> **ASSIGNMENT**
Of the records that follow, copy only the lines from the line containing "Future Icons - Free" to the line containing "Spice bundt cake", both included, exactly as written.

> **ENTRIES SUPPLIED**

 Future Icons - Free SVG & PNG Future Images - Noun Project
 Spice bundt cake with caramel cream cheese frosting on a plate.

* * *

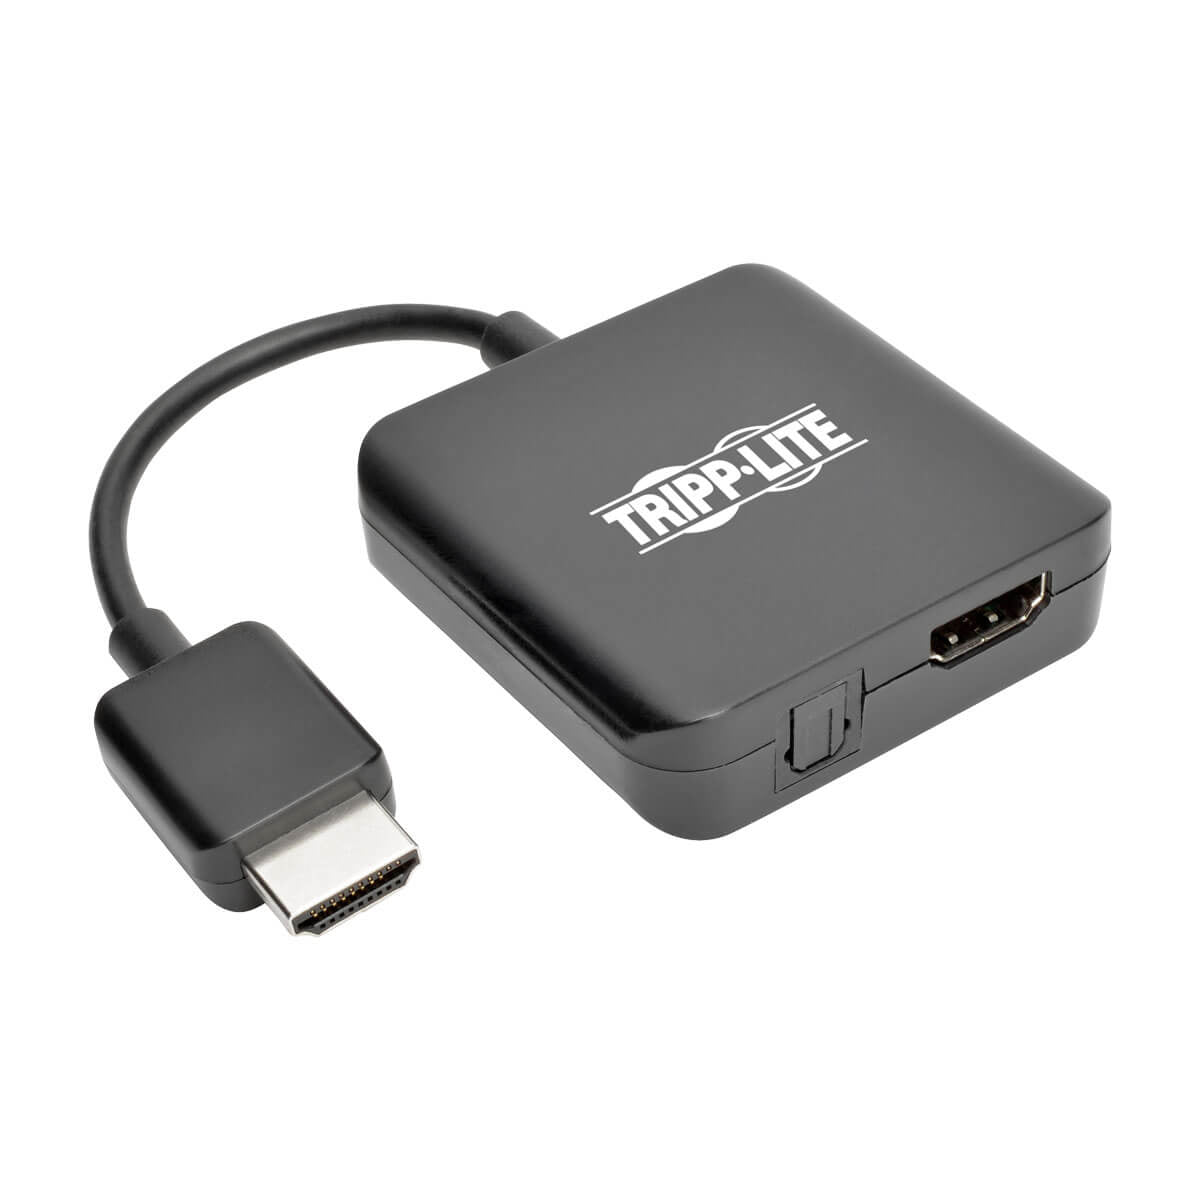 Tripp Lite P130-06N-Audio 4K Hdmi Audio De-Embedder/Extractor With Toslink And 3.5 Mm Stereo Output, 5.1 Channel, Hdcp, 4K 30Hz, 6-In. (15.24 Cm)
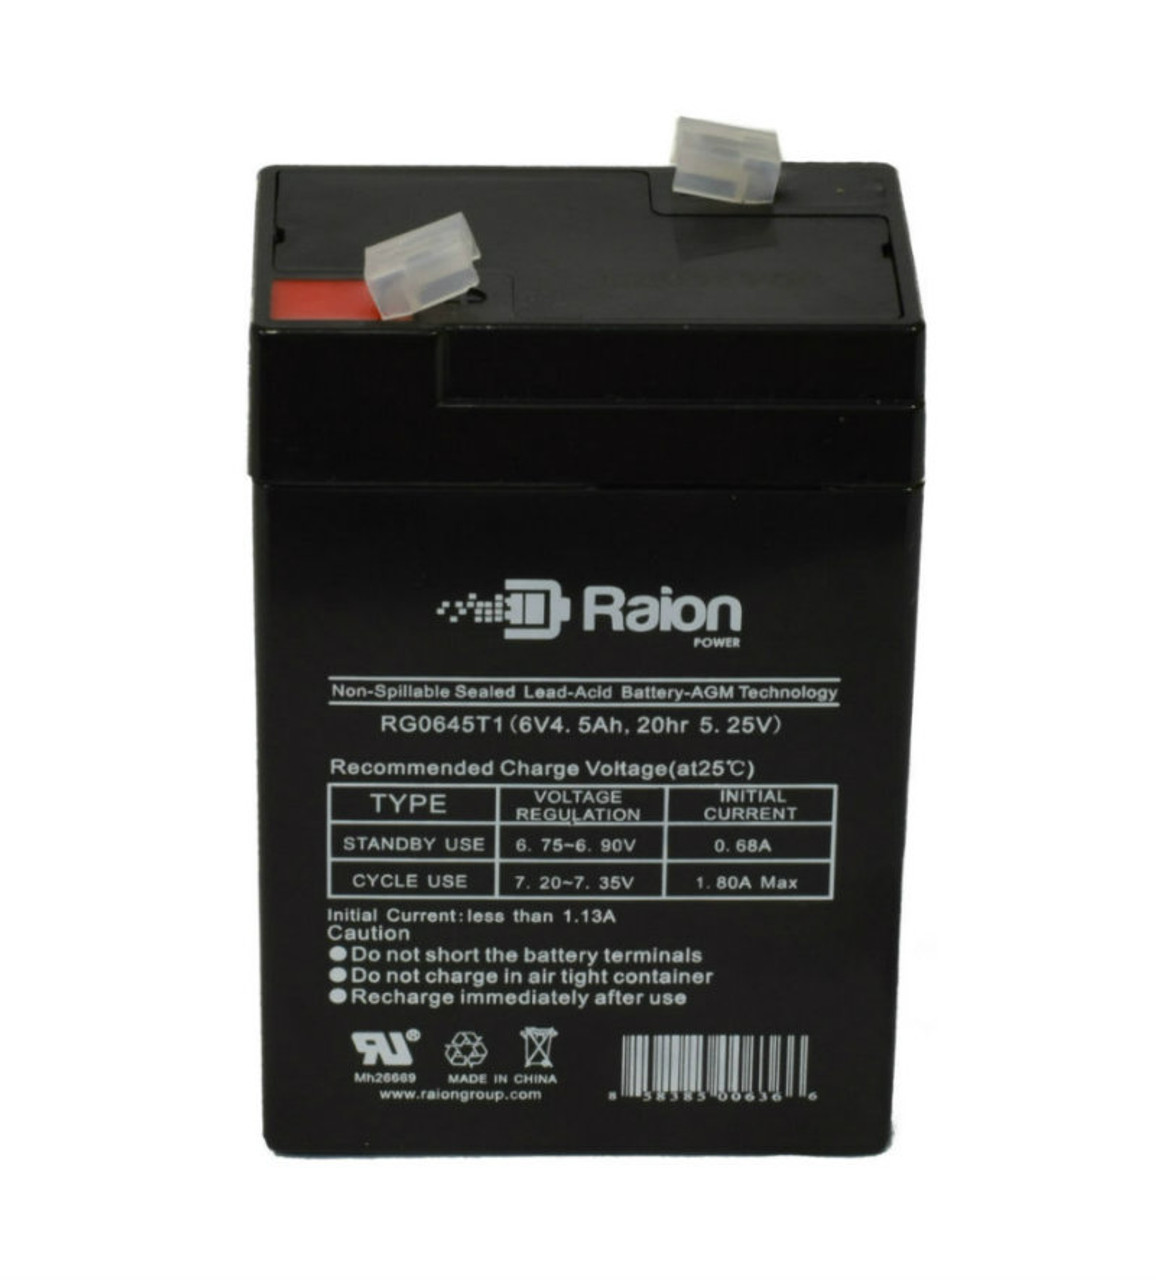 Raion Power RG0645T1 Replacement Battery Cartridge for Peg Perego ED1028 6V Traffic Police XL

> **RESULT FOR THIS TASK**
 Future Icons - Free SVG & PNG Future Images - Noun Project
 Spice bundt cake with caramel cream cheese frosting on a plate.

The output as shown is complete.